Üzülerek belirtmeliyiz ki, Türkiye bu konuda önümüzde duran en canlı örneklerden biridir. Bir yanda fabrikalar kapanıp, tarım arazileri azalırken diğer yanda ülkemizdeki milyarder sayısının her yıl artması bu hastalıklı sistemin bir sonucudur.
Üretim merkezleri yerine, finans merkezleri oluşturmakla övünen bir anlayışın, uluslararası güçlere esir olmaktan kurtulması imkânsızdır. Zira üretime değil; parasal hareketlere dayandırılan ekonomik yapı, para azaldığı an bocalar ve sonunda yıkılır.
Türkiye maalesef dünyada paranın en bol olduğu dönemlerde üretime yönelik yatırımlardan kaçınmış, ülkemize dışarıdan giren para betona ve asfalta yatırılmıştır. Para bolluğunda dağıtılan kredilerle alınan ithal arabalar; yine bolluk zamanında asfalta gömülen paralarla yapılan yollardan yavaş yavaş çekilmek zorunda kalmış, piyasanın itici kuvveti haline getirilen inşaat sektörünün yaptığı konutların da doluluk oranları hızla azalmıştır.

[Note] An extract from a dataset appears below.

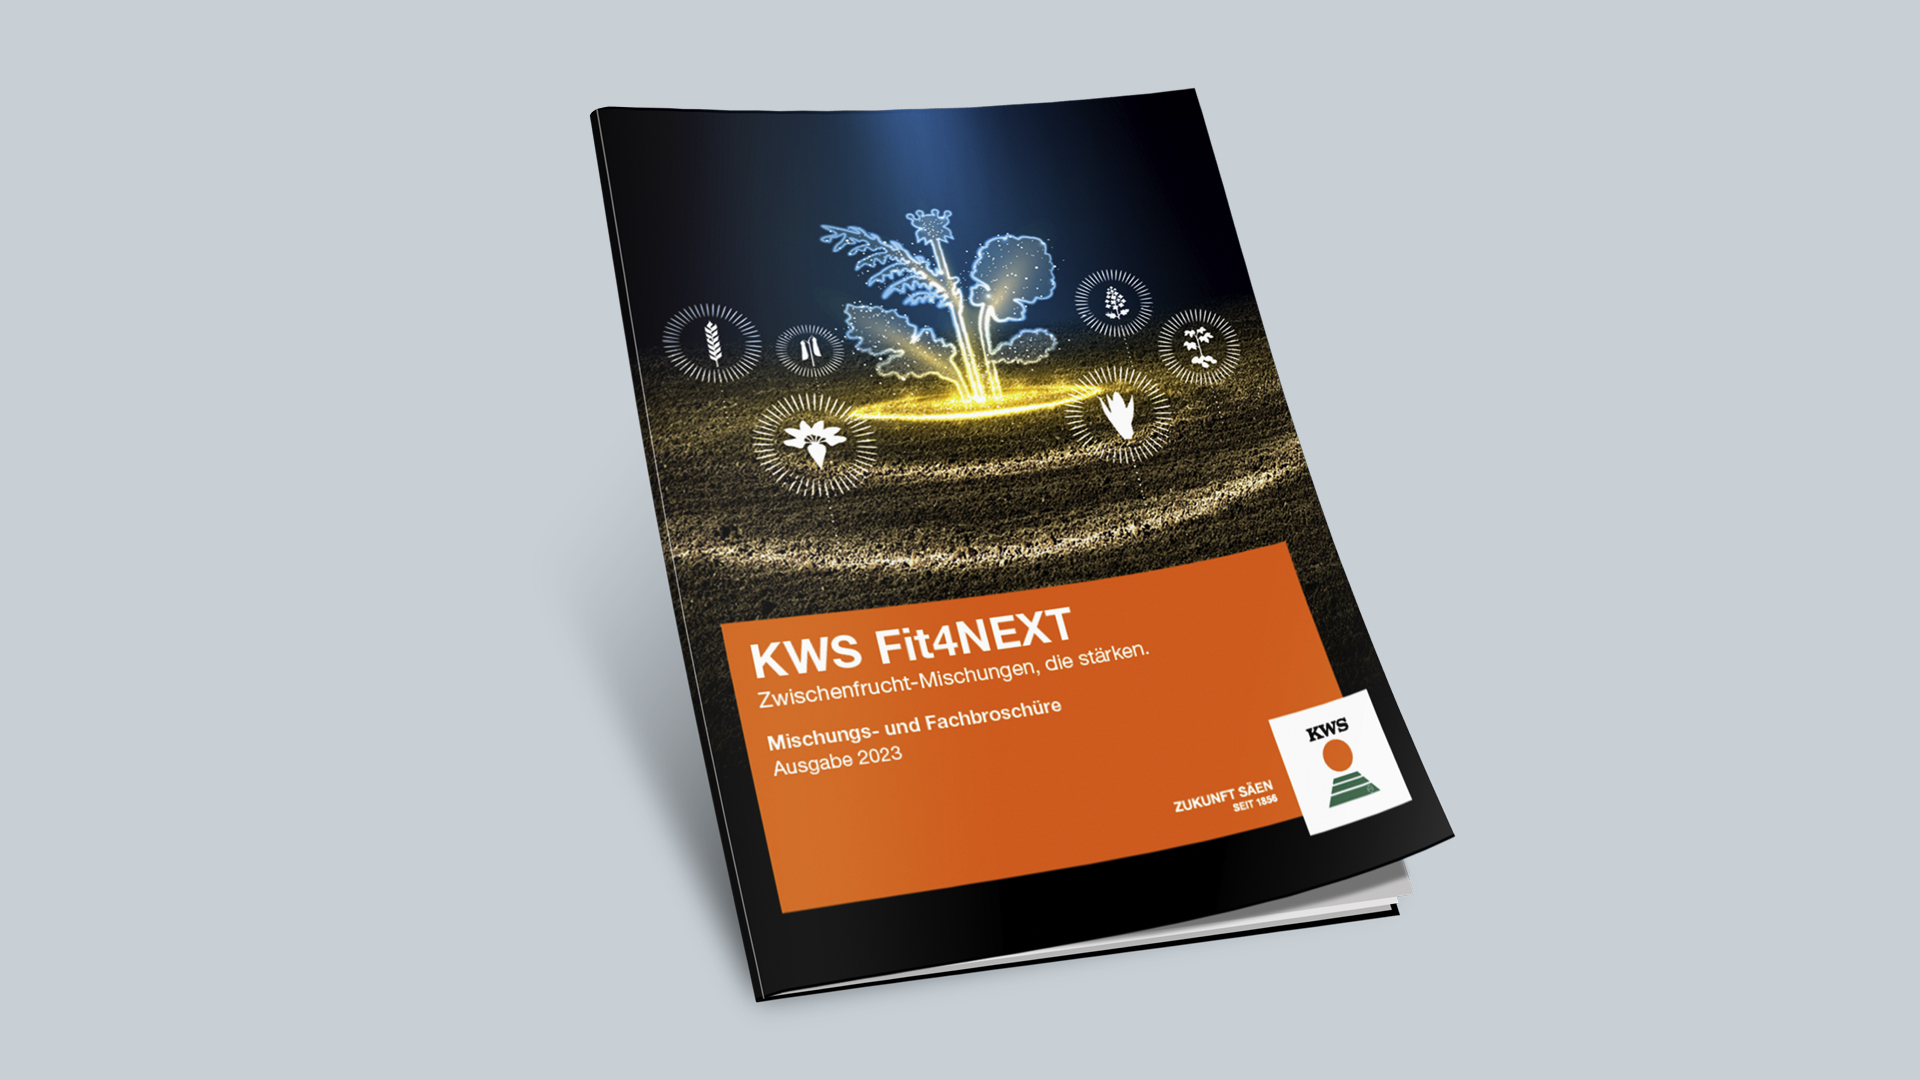 KWS FIT4NEXT Mischungs- und Fachbroschüre

Hatalı büyüme rakamları bugün elimizde kalan tek tesellimizdir. Hâlbuki büyüme, kendimize kurduğumuz tuzakların belki de en hileli olanıdır. Sağlıklı bir yapı istihdam rakamları üzerinden değerlendirilmeli, istihdamdaki artışı başarı olarak görmelidir.
Koşulları her geçen gün zorlaşan dünyanın, bol bol inşaat dikmek gibi bir basitliği kaldırmayacağı açıktır. Fabrikaları çalışmayan, toprağından hasat elde edilemeyen, babaların akşamları yorgun ama gururlu bir şekilde evlerine dönemedikleri, her ay yeni icra dairelerinin açıldığı bir atmosferde ihtiyacımız olan insan modelinin yetişmesi de imkânsızdır.
Peki ne yapmalıyız?
Neoliberalizmin sebep olduğu sorunları, neoliberal çözümlerle aşamayacağımızı bilmek; Batılı reçetelerle, tutulduğumuz hastalıktan kurtularak ayağa kalkamayacağımızı anlamak yapmamız gereken ilk şeydir.

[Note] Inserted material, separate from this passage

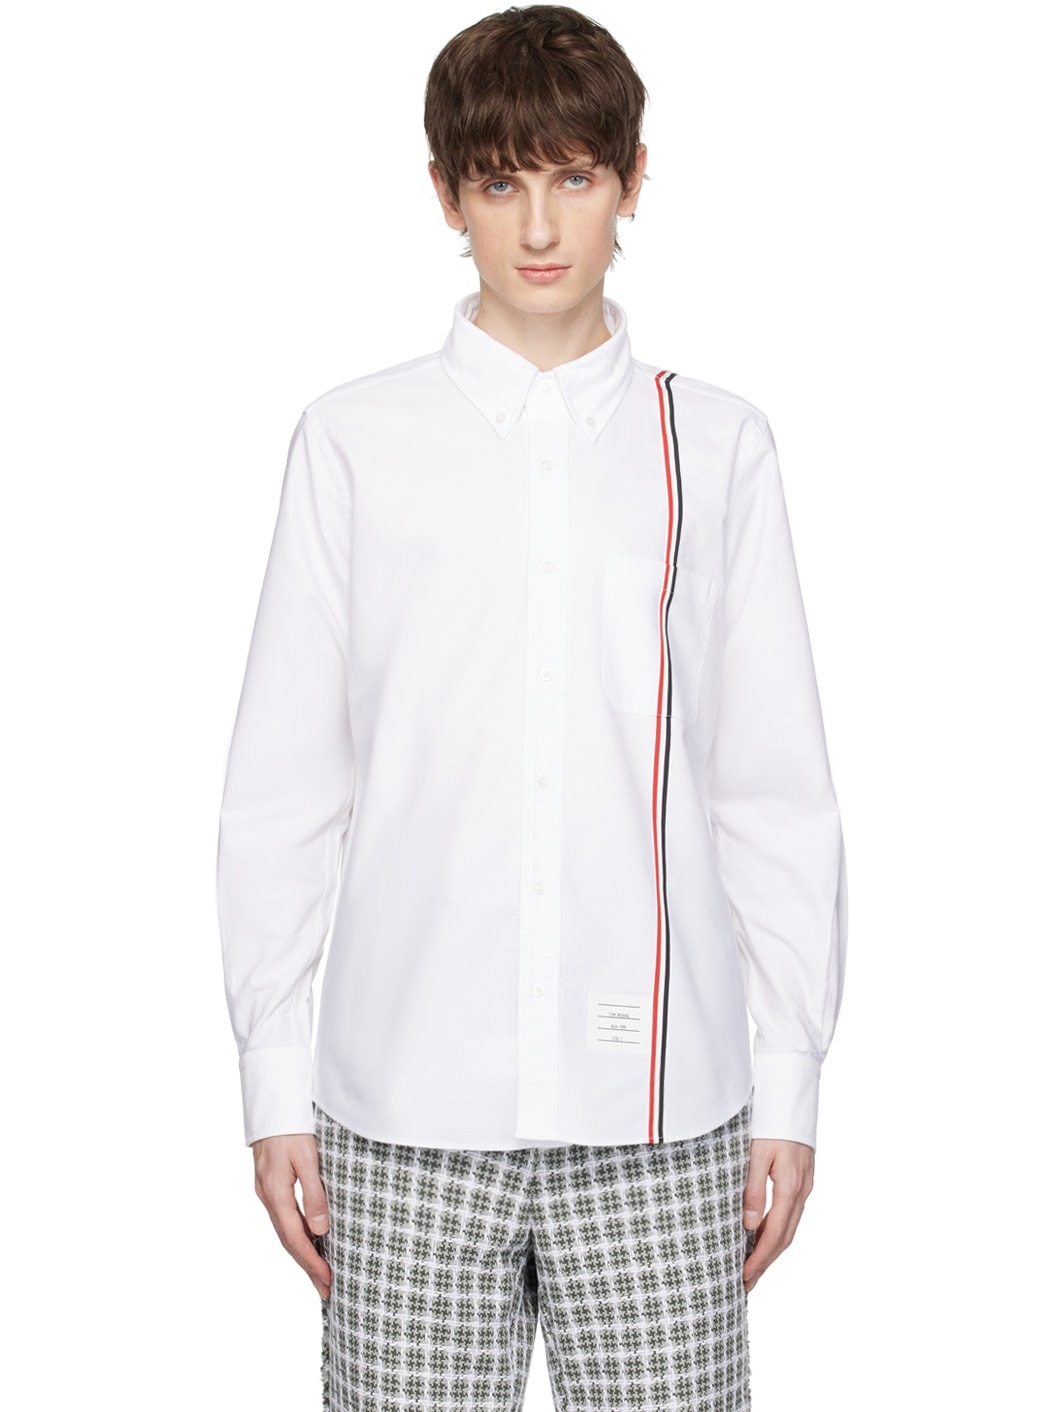 White Stripe Shirt - 1

Bunu anlayacak nesiller ise ancak çağın ötesinde bir eğitim anlayışı ile yetiştirilebilirler. Eğer bir coğrafyada kalkınmadan bahsedilecekse, bunun temelinde eğitimin yattığını bilmeliyiz. Gerek Japon kalkınmasının, gerek Alman kalkınmasının yükseldiği zemin milli eğitim politikalarıdır.
Gelecek yüzyılda ihtiyacımız olan, bir asırlık edebiyatçılar, geçen asra damga vurmuş bilimsel buluşlar ve asırlık markaları ortaya çıkaracak yegâne unsur milli eğitimdir.
İyi eğitimli bir ulusun yeniden yazacağı hikâyesinde fırsat eşitliğini sağlayacak, ihtiyaç duyduğunda yanında olacak aygıt ise devlettir.
Dolayısıyla ‘serbest piyasanın’ aslında ‘serbest sömürü’ olduğunu bilerek, girişimciliği ve girişimciyi desteklemek devletin görevidir.
Devlet bu görevini ifa ettiğinde ortaya çıkacak sinerji, eğitimli bireyler tarafından karşılandığında, yükseliş de başlayacaktır.
Şüphesiz bu yükseliş, milli ruh ile sarıp sarmalanmalıdır. Zira milli ruh, saman ithal etmekten utanırken, borçları yüzünden intihar eden bir inşaat işçisinin lüks araba ve saraylarla sağlanmaya çalışan itibarı ayakları altına aldığını bilecek yegâne atmosferdir.